(Noch) nicht krass genug

von Redaktion

Gina Lückenkemper: Zu viele Wettbewerbe vor der WM?

Budapest – Diese verflixte 11,01. 100 Meter in elf Sekunden, auf diesem Niveau ist Gina Lückenkemper 2023 gelaufen. Eine Zeit, die für ihr erstes Finale bei einer Weltmeisterschaft gereicht hätte.

Am Ende stand eine 11,18 im Halbfinale, im Vorlauf eine 11,21. Die beiden langsamsten Zeiten des Jahres ausgerechnet beim Saisonhöhepunkt. Lückenkemper sprach von „Bockmist“, da sie ab der Hälfte der Strecke ihre Hüfte verloren habe: „Wenn dir die Hüfte nach hinten wegbricht, trifft man sich nicht unter dem Körperschwerpunkt und bremst zu früh.“

Der Start, sonst einer der Schwachpunkte der 26-Jährigen, war im Halbfinale gut. Danach zündete der Turbo aber nicht. „Ich bin nicht aktiv und aggressiv genug gewesen. Da habe ich mich gefühlt nur treiben lassen, ich habe nicht den Zug nach vorne bekommen.“ Sich treiben zu lassen bei einer Weltmeisterschaft im Schatten der Hochgeschwindigkeitsprinterinnen, das kann nicht gut gehen. Lückenkemper hatte im Vorfeld der WM versucht, sich nicht vom hohen Niveau und schnellen Zeiten en masse über die 100 m beeindrucken zu lassen. Klar, die anderen seien krasser geworden, sie selbst aber auch. Aber eben (noch) nicht krass genug.

In der Mixed Zone sagte, dass sie das Rennen schon schon wieder abgehakt habe, der Blick müsse sich nach vorne richten. Nach Freitag, da startet Lückenkemper in einer ersatzgeschwächten 4 x 100 m-Staffel, die aber „richtig viel Bock“ habe. Ein „Jetzt erst recht“ gab es von der Teamkapitänin der deutschen Leichtathleten, „am Freitag wird wieder richtig angegriffen.“ Bis dahin, da ist sie zuversichtlich, sollen auch die Wehwehchen an ihrem Körper verschwinden.

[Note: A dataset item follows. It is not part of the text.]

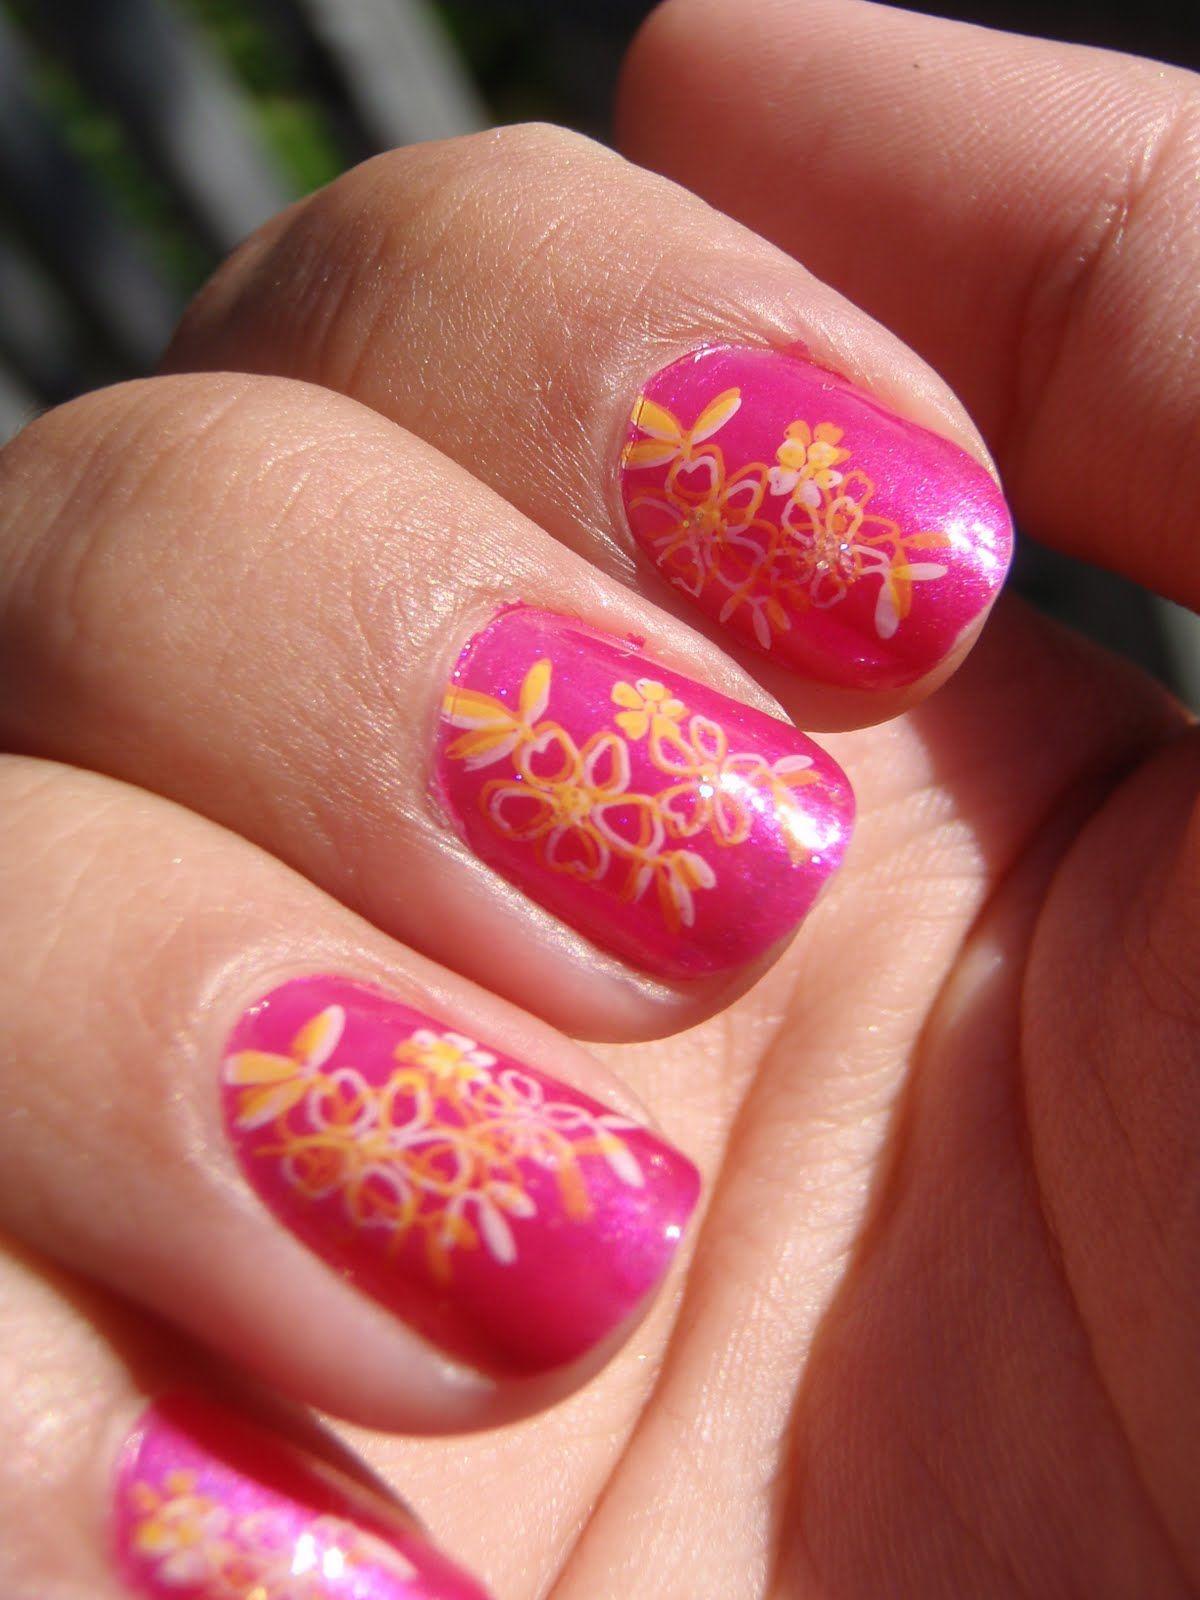 Nailhawaiianflowers nail junkie hawaiian pink flowers review nailhawaiianflowers nail junkie hawaiian pink flowers review izmirmasajfo

Auch wenn sich das Problem der Beschwerden im Rücken im Zusammenspiel mit der „hervorragenden medizinischen Abteilung“ wohl lösen lässt, das große Fragezeichen bleibt. Warum konnte Lückenkemper, die nach eigenen Aussagen so konstant und gut wie nie zuvor durch die Vorbereitung gekommen ist, im entscheidenden Moment nicht abliefern?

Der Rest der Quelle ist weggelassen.